The domain of (fog)(x) is the same as the domain of g(x), which is all real numbers.

b. (gof)(x) represents the composite function of g(f(x)). To find this, we need to substitute f(x) into g(x) and simplify:

(gof)(x) = g(f(x))
= g(ln(x))
= e^(5 * ln(x))
= x^5

So (gof)(x) simplifies to x^5.

The domain of (gof)(x) is the same as the domain of f(x), which is x > 0 (positive real numbers).
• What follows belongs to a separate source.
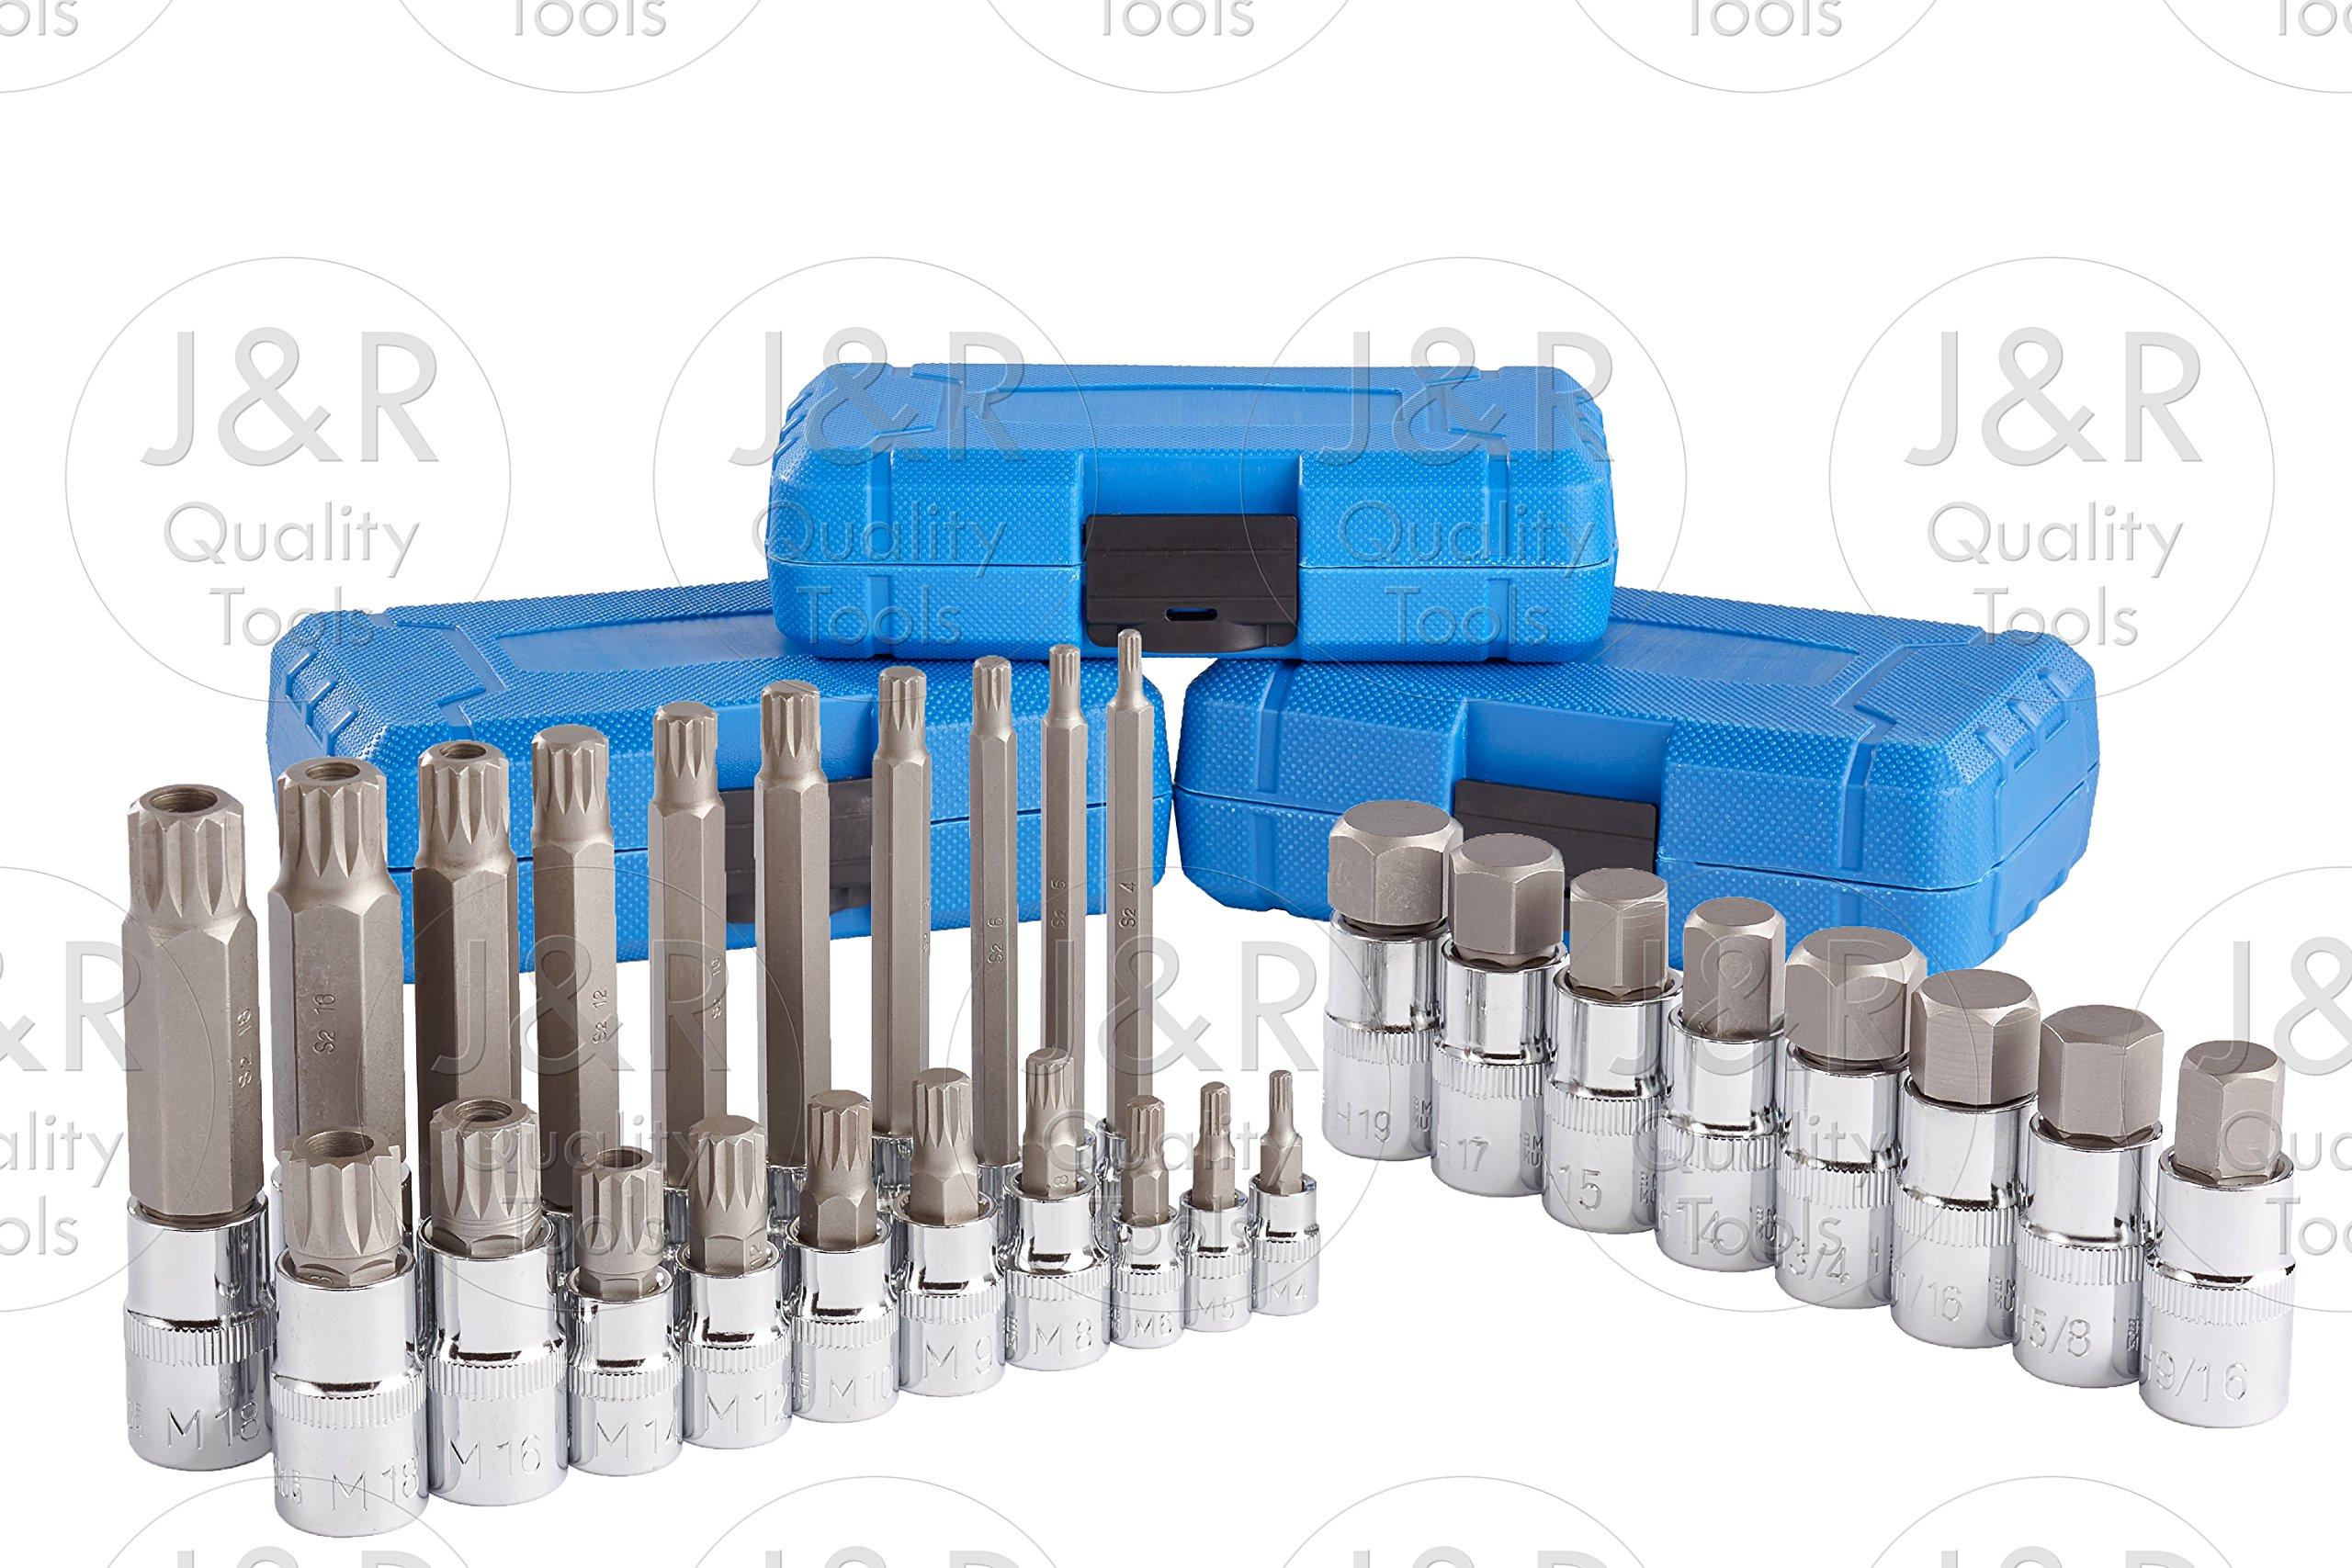 J&R Quality Tools 28pc Hex & XZN 12 Point MM Triple Square Spline Bit Socket Set Tamper Proof Bit by VECTOR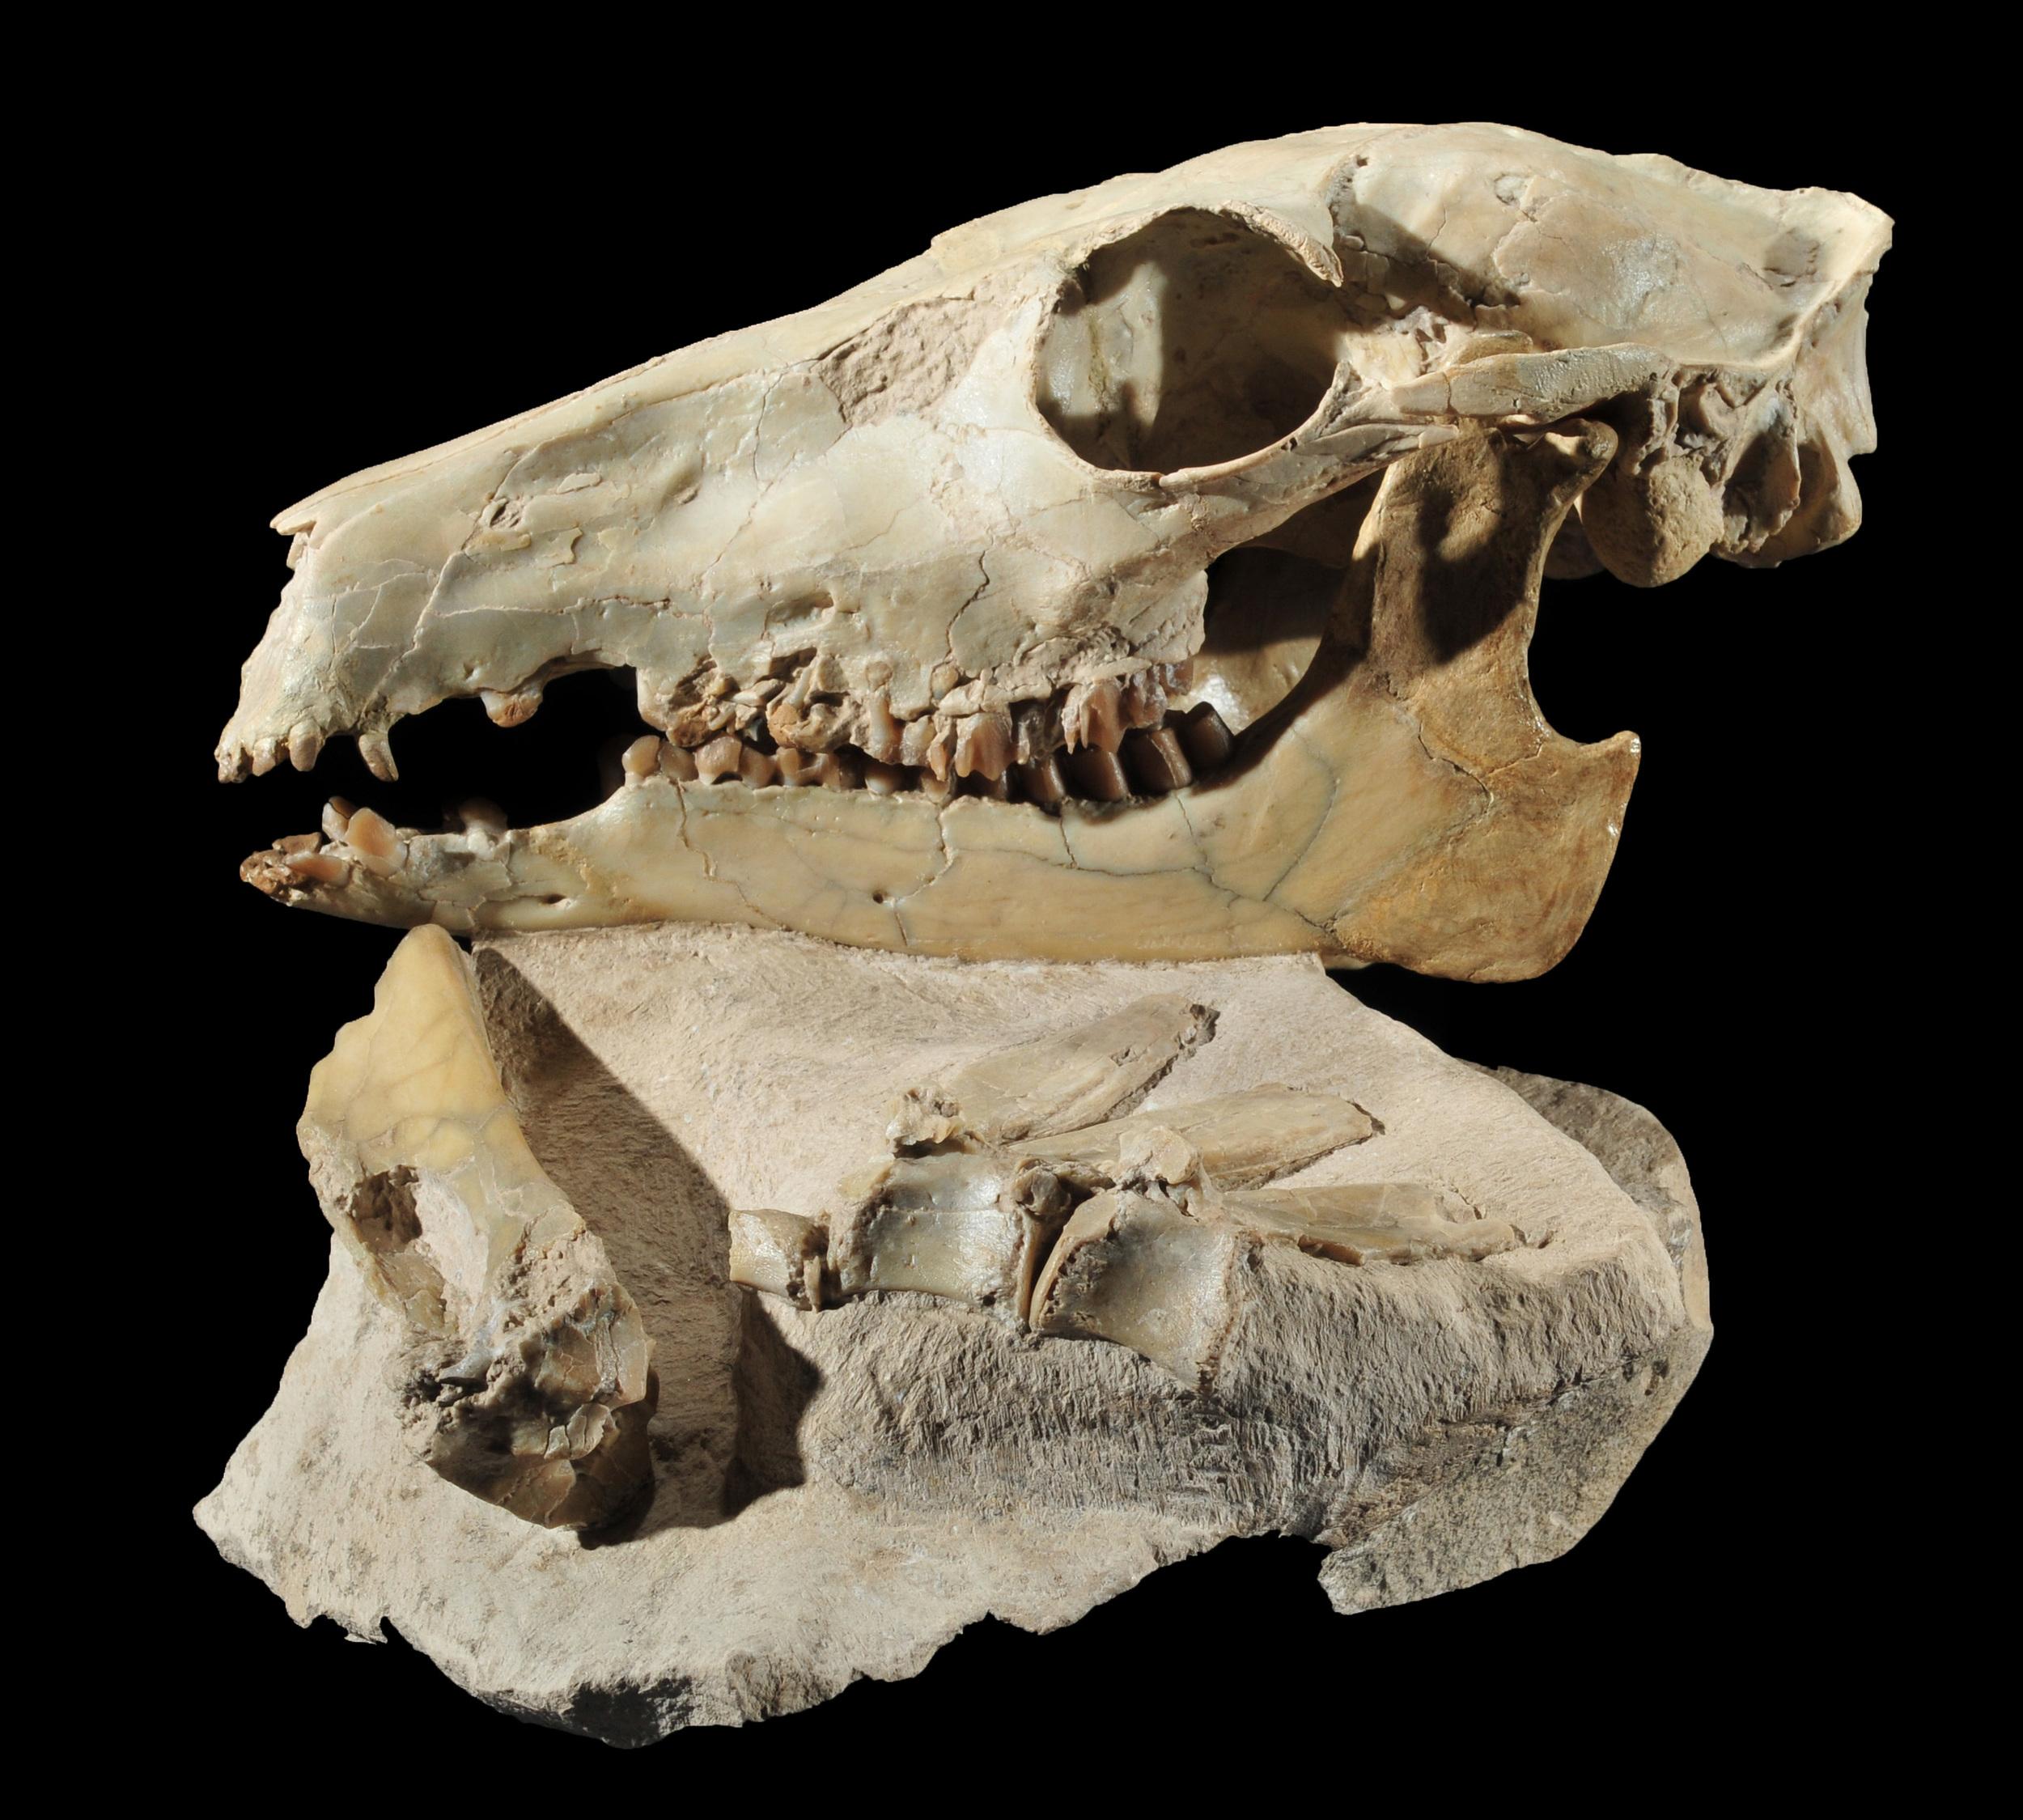 Poebrotherium camel skull

c. (foh)(x) represents the composite function of f(h(x)). To find this, we need to substitute h(x) into f(x) and simplify:

(foh)(x) = f(h(x))
= f(x^6)
= (x^6)^2 + 10(x^6) - 11
= x^12 + 10x^6 - 11

So (foh)(x) simplifies to x^12 + 10x^6 - 11.

The domain of (foh)(x) is the same as the domain of h(x), which is all real numbers.